Mobile Payments Show Potential as Device Obsession Grows

By Nathan Eddy  |  Posted 2014-12-11 Print this article Print
mobile devices and deloitte

As a corollary to their device addiction, consumers also are becoming savvier about pricing, both in terms of mobile devices and service plans.

American consumers are becoming increasingly obsessed with their devices – nearly 90 percent check their phone in the first hour of being awake and 23 percent look at their device up to 50 times a day, according to a Deloitte survey on mobile consumer trends.

As a corollary to their device addiction, consumers also are becoming savvier about pricing, both in terms of mobile devices and service plans.

In 2014 consumers identified the price of the overall monthly subscription as the top reason for selecting a mobile provider, and last year, friends-and-family plans, as well as the quality of the network, were consumers’ top choice.

With an increased awareness for price, 21 percent of consumers now plan to purchase a new smartphone within the next year, according to the survey.

While they may be more interested in saving, they’re consuming content more than ever before, with users increasingly enjoying high-quality audio and video content for their device.

The average consumer now using more than a gigabyte of data per month with the majority allocated towards video, and of those surveyed, 19 percent reported streaming television or film more frequently than in 2013.

Additionally, consumers reported 30 percent year-over-year growth in streaming music. On a weekly basis, 16 percent of consumers will use their devices to stream television or movies online and 43 percent of consumers will use their devices to stream music, or listen to online radio, led by younger consumers.

Survey results also indicated that in-store mobile payment technologies currently are underutilized by consumers in the U.S. – an attitude that could change given recent market developments like the debut of Apple Pay and increasing adoption of near field communication (NFC).

"As new devices employ the use of NFC technology, we would expect to see the use of mobile payments increase over the next year," Craig Wigginton, vice chairman and U.S telecommunications sector leader for Deloitte & Touche, told eWeek. "For mobile payments generally, growth opportunities exist-- the survey indicates that consumers want to use phone-based payment technologies for a wide variety of experiences, from pumping gas to paying parking meters to in-store purchasing and beyond."

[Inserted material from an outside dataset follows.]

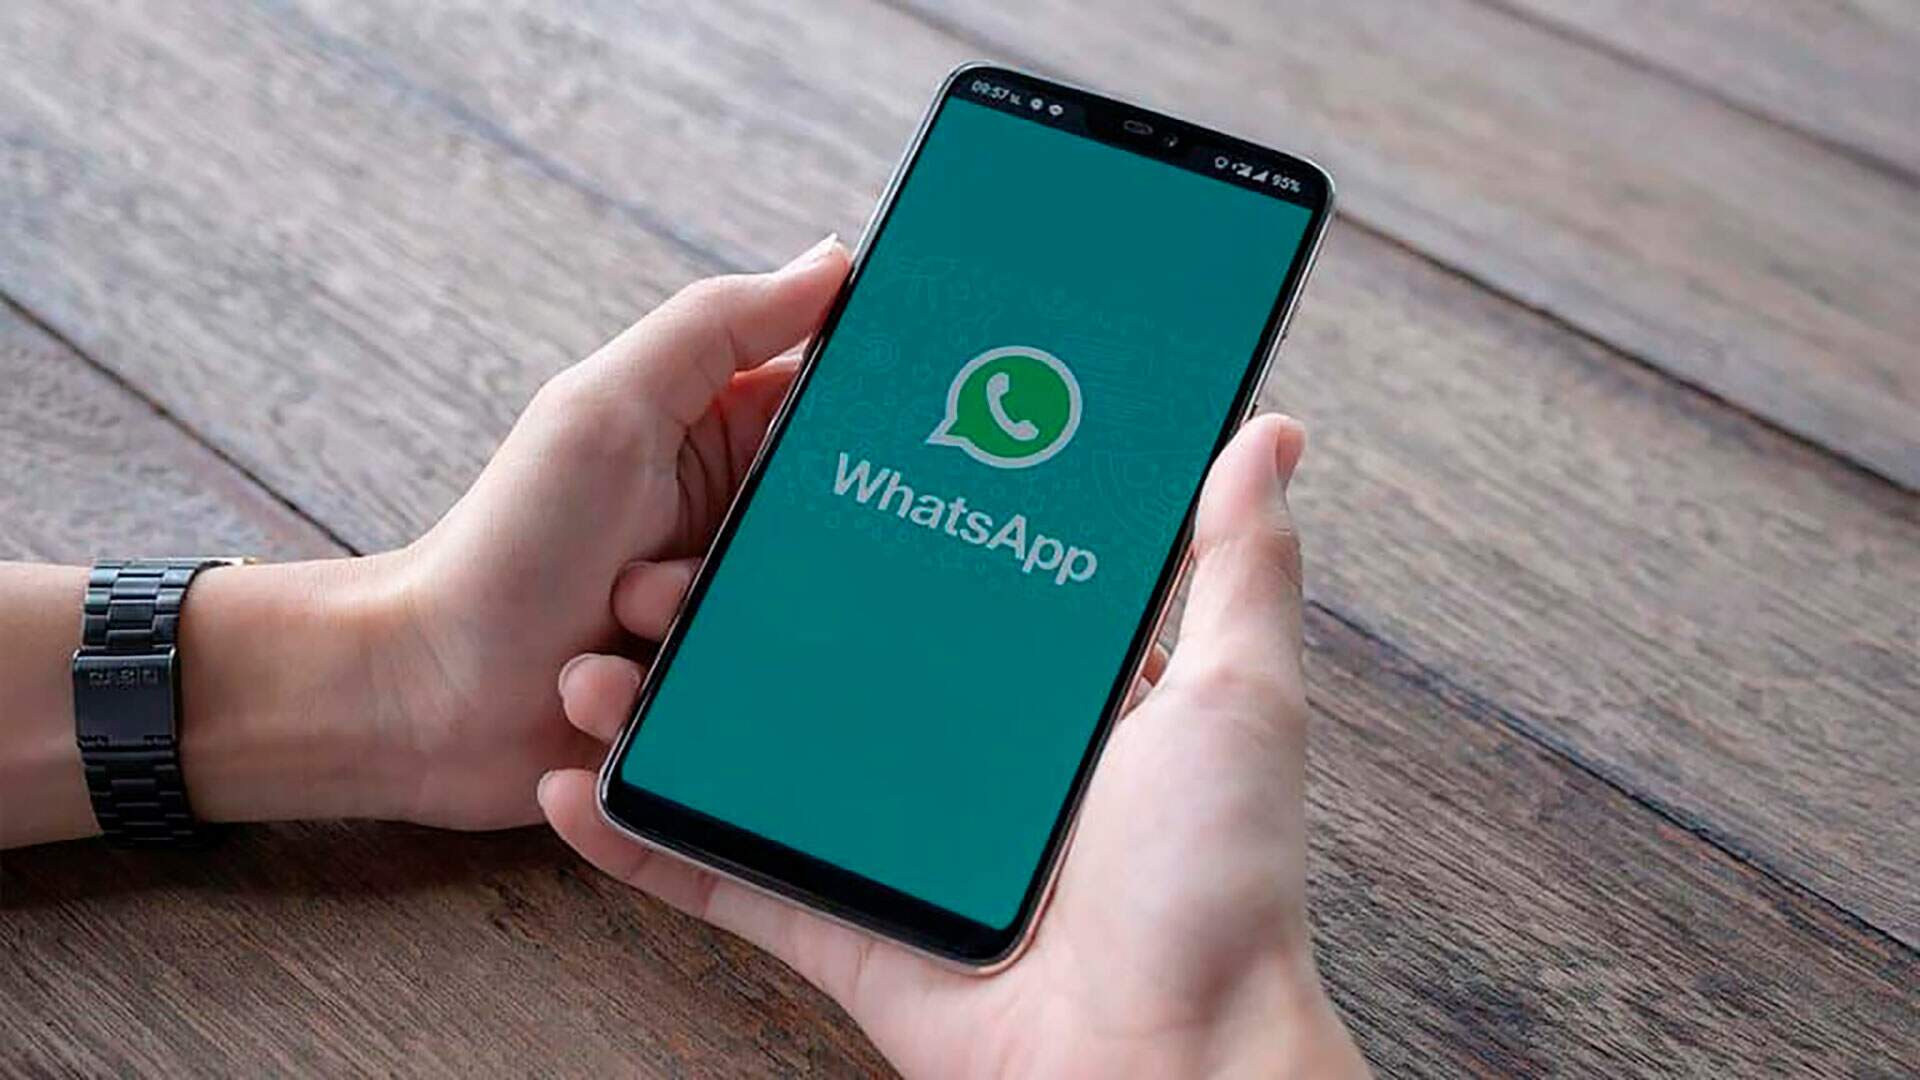 WhatsApp sai do ar no Brasil e gera polêmica: “Acabou?”

The survey findings show that consumers are interested in mobile payment solutions almost anywhere they use some more traditional form of payment.

In addition, 31 percent of consumers who have a device with NFC technology, used it for mobile payments in the last month.

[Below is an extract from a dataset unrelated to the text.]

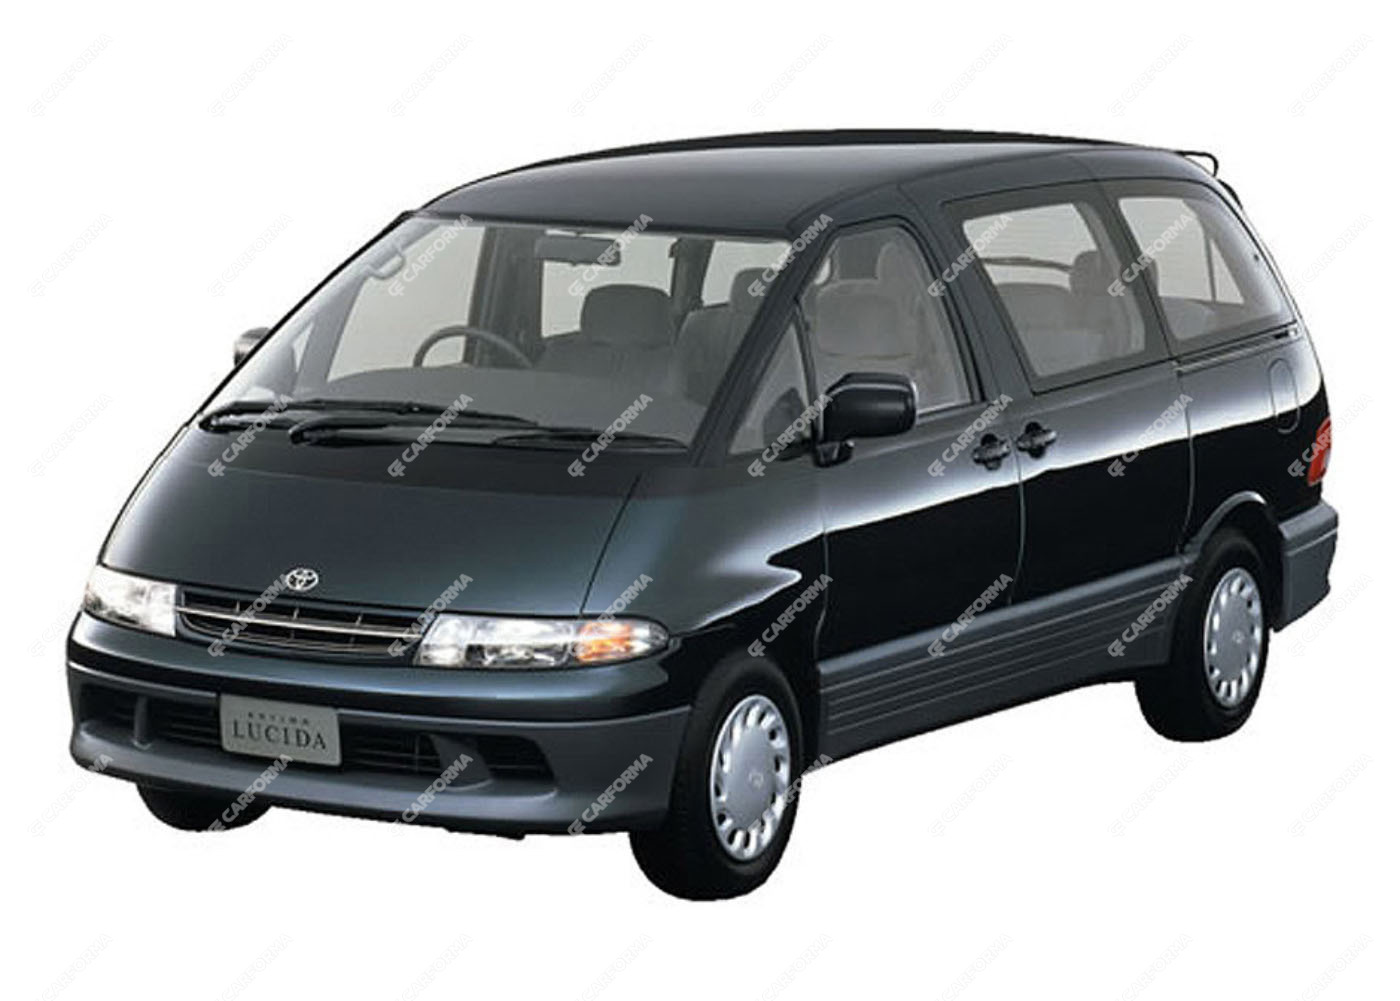 Ворсовые коврики на Toyota Estima Emina (Lucida) 1990 - 2000

However, more than half of survey respondents said they would not use their mobile phone to pay even if the option were available to them.

"Our national device obsession offers some upsides. It provides ready access to a wealth of information to help improve our daily lives. Devices today are a key element of life style management through alarms, reminders, text, emails, social media, weather, traffic, and so on," he said. "Previously, this information was not as readily available at your fingertips, but with the ready access we now have the time to use our phones more extensively, and/or more time to spend on other daily activities." 

Wigginton also noted that clearly, society should want to avoid over-reliance on phones-- like everything there does need to be a balance, he said.

"Some unplugging would probably be good, especially in social situations."